Maxwell v. Hoppie

Decision Date20 February 1883
Citation70 Ga. 152
PartiesMAXWELL v. HOPPIE et al.
CourtGeorgia Supreme Court

February Term, 1883.

[This case was brought forward from the last term under §4271 (a) of the Code.]

1. A grantor executed a deed whereby, in consideration of ten dollars and of the love he had toward his wife and children he conveyed to the wife certain real estate for and during her natural life, and after her death to go to the above named children, and such other children as she might then have living, by him, share and share alike, their heirs and assigns, etc. The habendum clause was to have and to hold to the wife for life and after her death to the children living at the time of her death, by the grantor; and in case of her death without leaving children, to revert to the grantor, his heirs and assigns.
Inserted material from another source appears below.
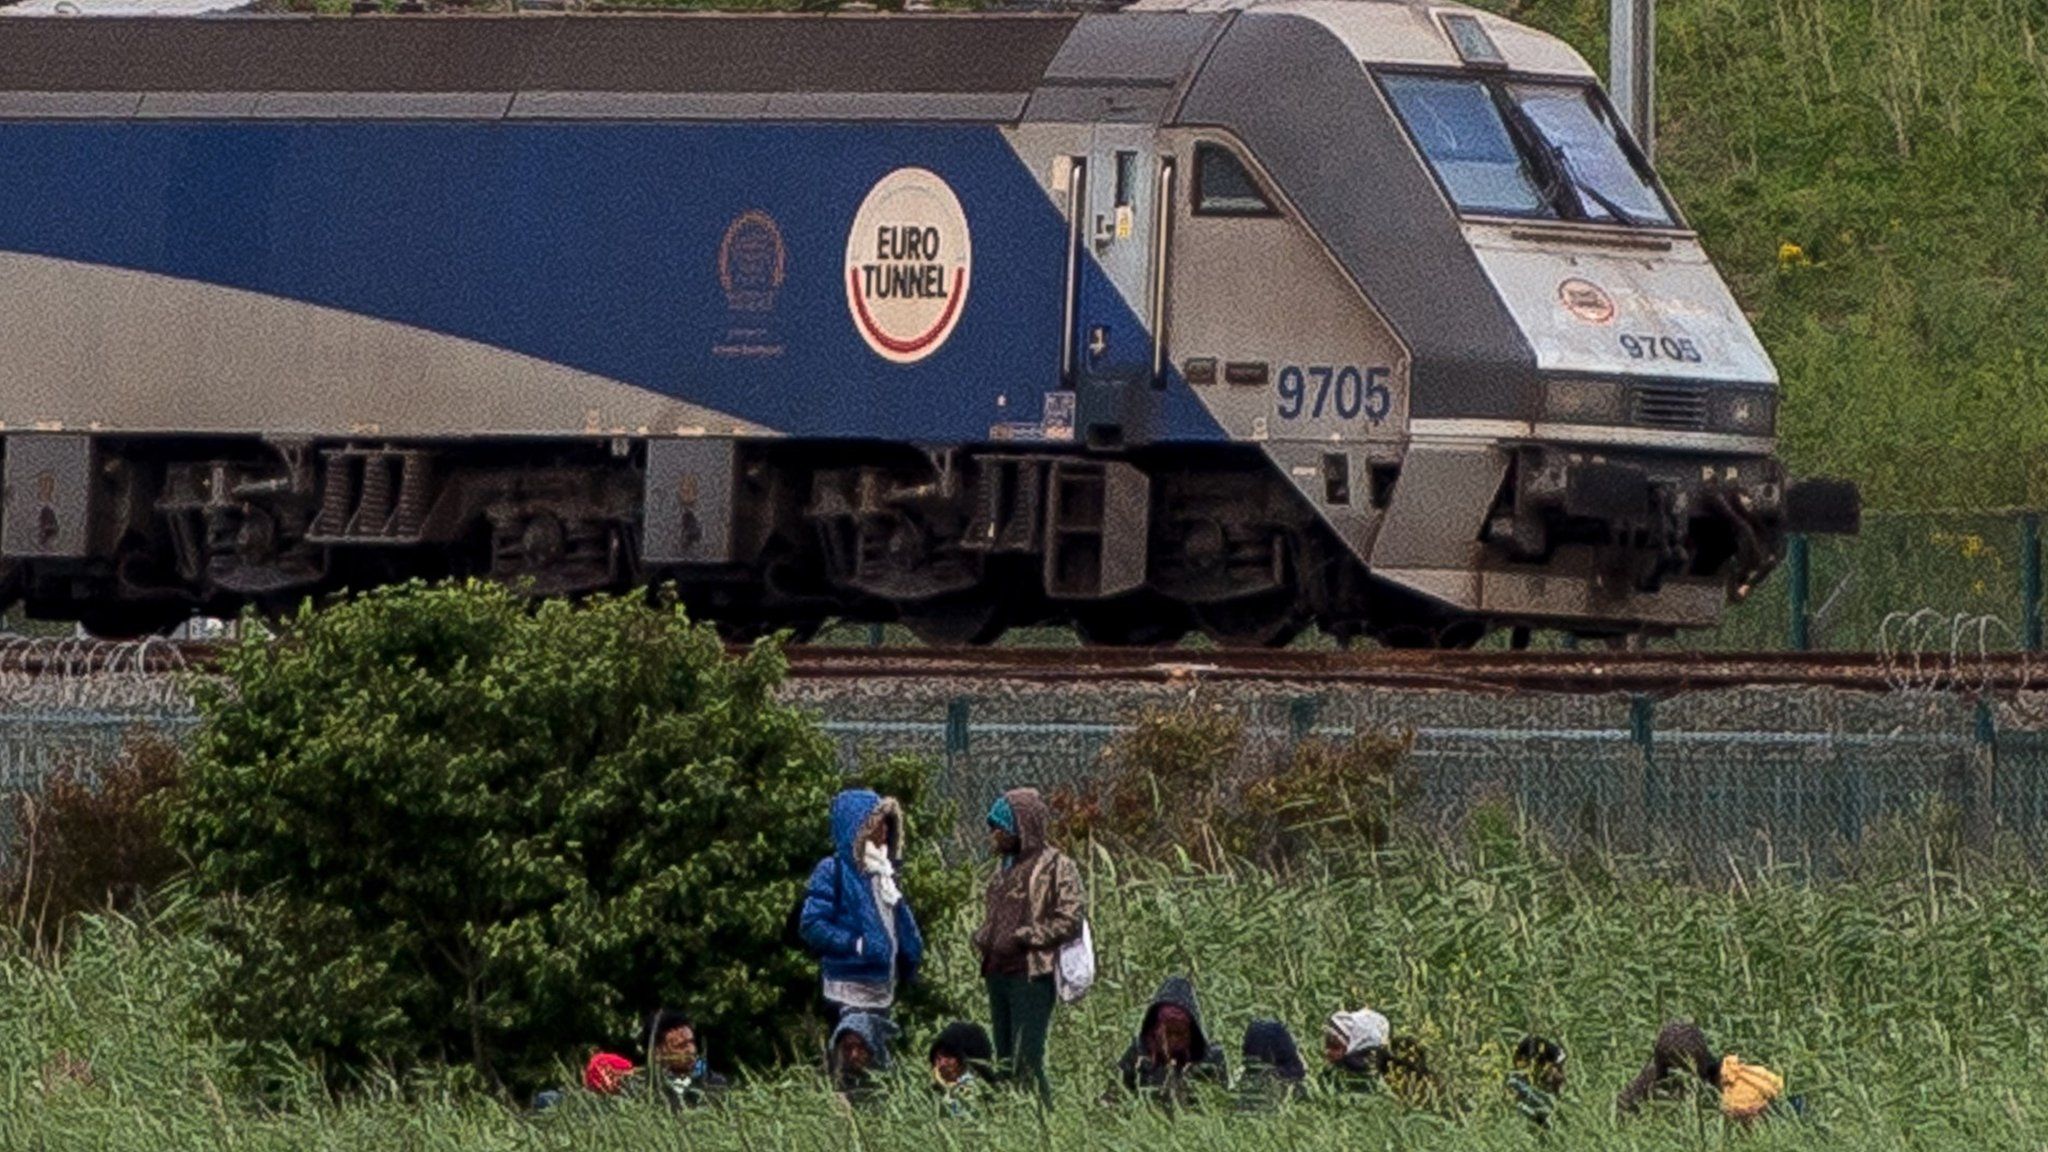 Migrants wait near Eurotunnel tracks in Calais on 29 July 2015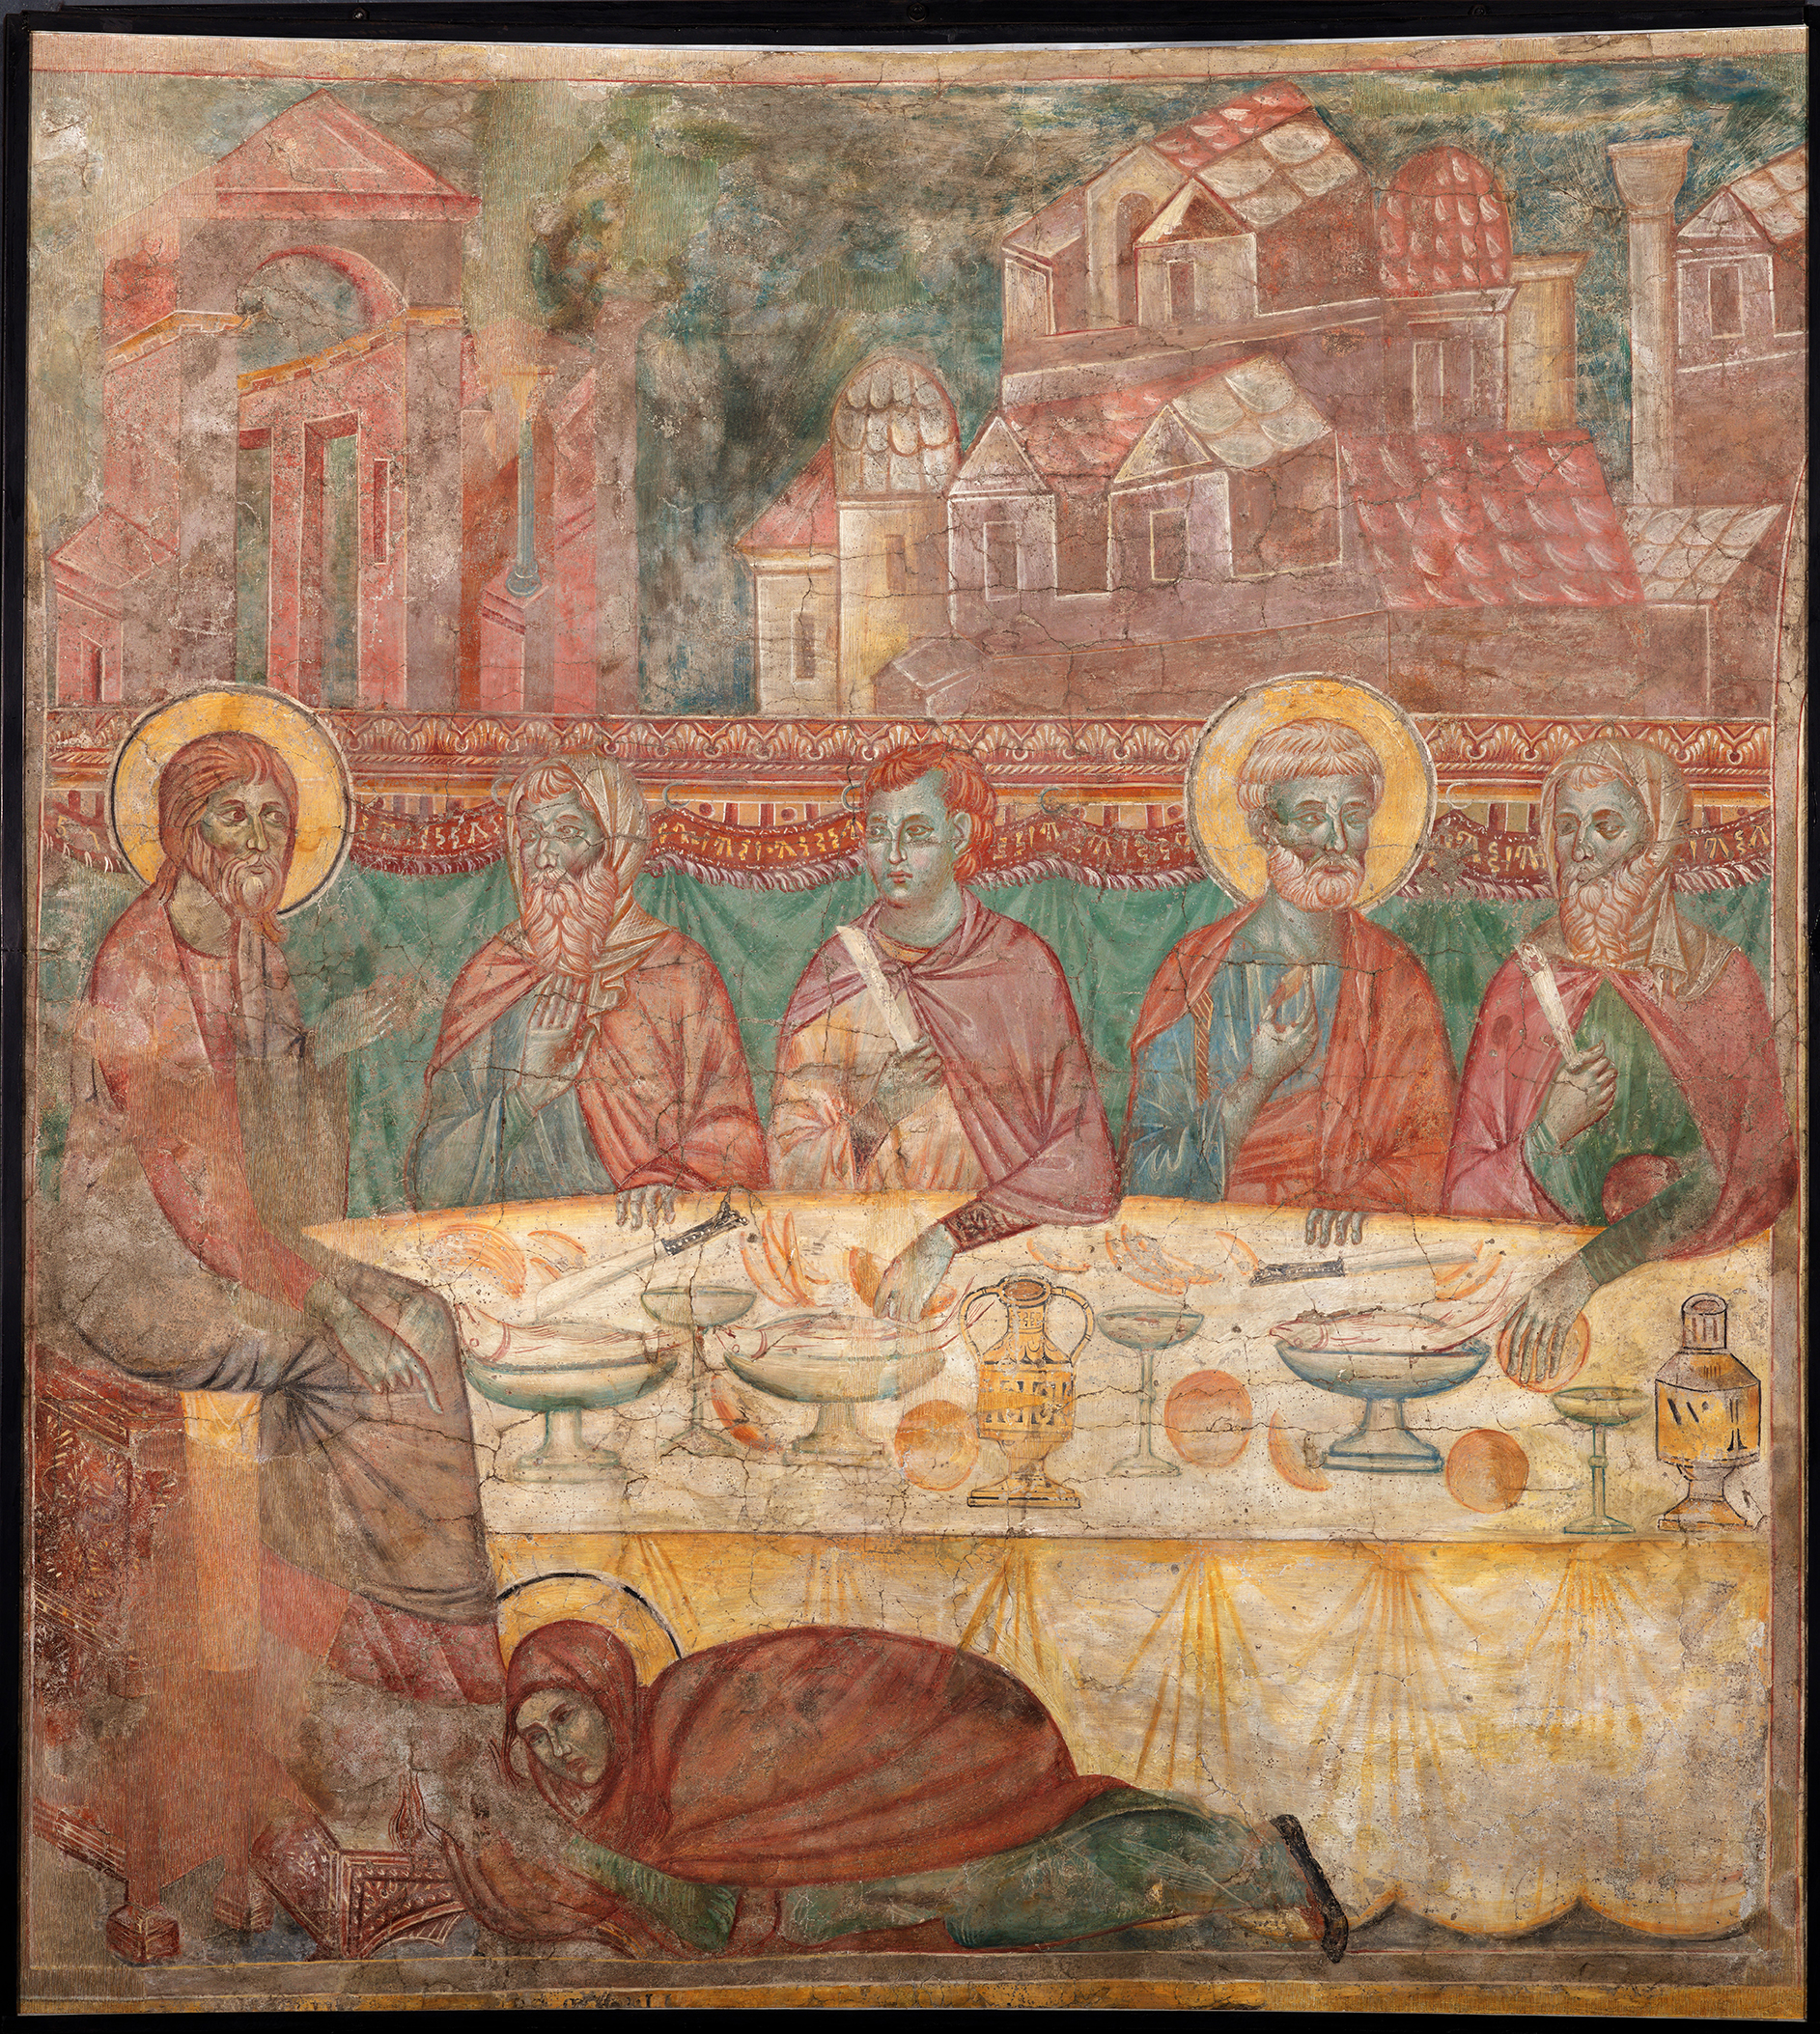 Manfredino da Pistoia, Fresco, "Supper in Simone's House"

It then proceeded as follows: " With the power and right of the said James E. Butler to act as the trustee for his said wife and children, and as such trustee to manage and control said property, subject to the trust aforesaid, and to collect the rents, issues and profits accruing from the above described property, and to expend the same in the support and the maintenance and education of said wife and children, and should any surplus remain, to re-invest the same in such other property, subject to the above described trusts aud limitations, as he shall deem most for the interest of said trust estate, and with power and authority to the said Elizabeth C. Butler (the wife) to change said trusteeship and select another, upon application of the chancellor." The warranty was to the wife and children of the grantor:

Held, that such a deed created a trust, or charge in the nature of a trust, upon the life estate of the wife for the maintenance, support and education of the children.

( a. ) Under this deed the wife could not manage and control the property, but it was the duty of the husband as trustee to collect the rents, issues and profits, to expend the same for the maintenance and support of the wife and children and the education of the latter, and to invest the surplus, if any remained, in such property as he might deem most for the interest of the estate, upon the same trusts and limitations as those contained in the deed.

( b. ) The power to change the trustee with the approval of the chancellor does not affect the construction of the deed. Such power could have been exercised without any express reservation for that purpose.

2. If two clauses be utterly inconsistent, the former must prevail but the intentions of the parties from the whole instrument should, if possible, be ascertained and carried into effect. The doctrine of repugnant clauses is not favored.

( a. ) This case differs from that in 32 Ga. 588, and from the obiter dictum in 56 Ga. 170.

3. No ambiguity requiring explanation by parol was presented by this deed; and it would be improper to create an ambiguity by parol for the purpose of explaining it.

4. It follows from the above that the power and right of the trustee were not subservient to his wife's legal estate for life, nor were they personal and attended with no duty to the children.

Deeds. Trusts. Estates. Before H. K. MCCAY, Esq., Judge pro hac vice. Fulton County. At Chambers. June 6, 1882.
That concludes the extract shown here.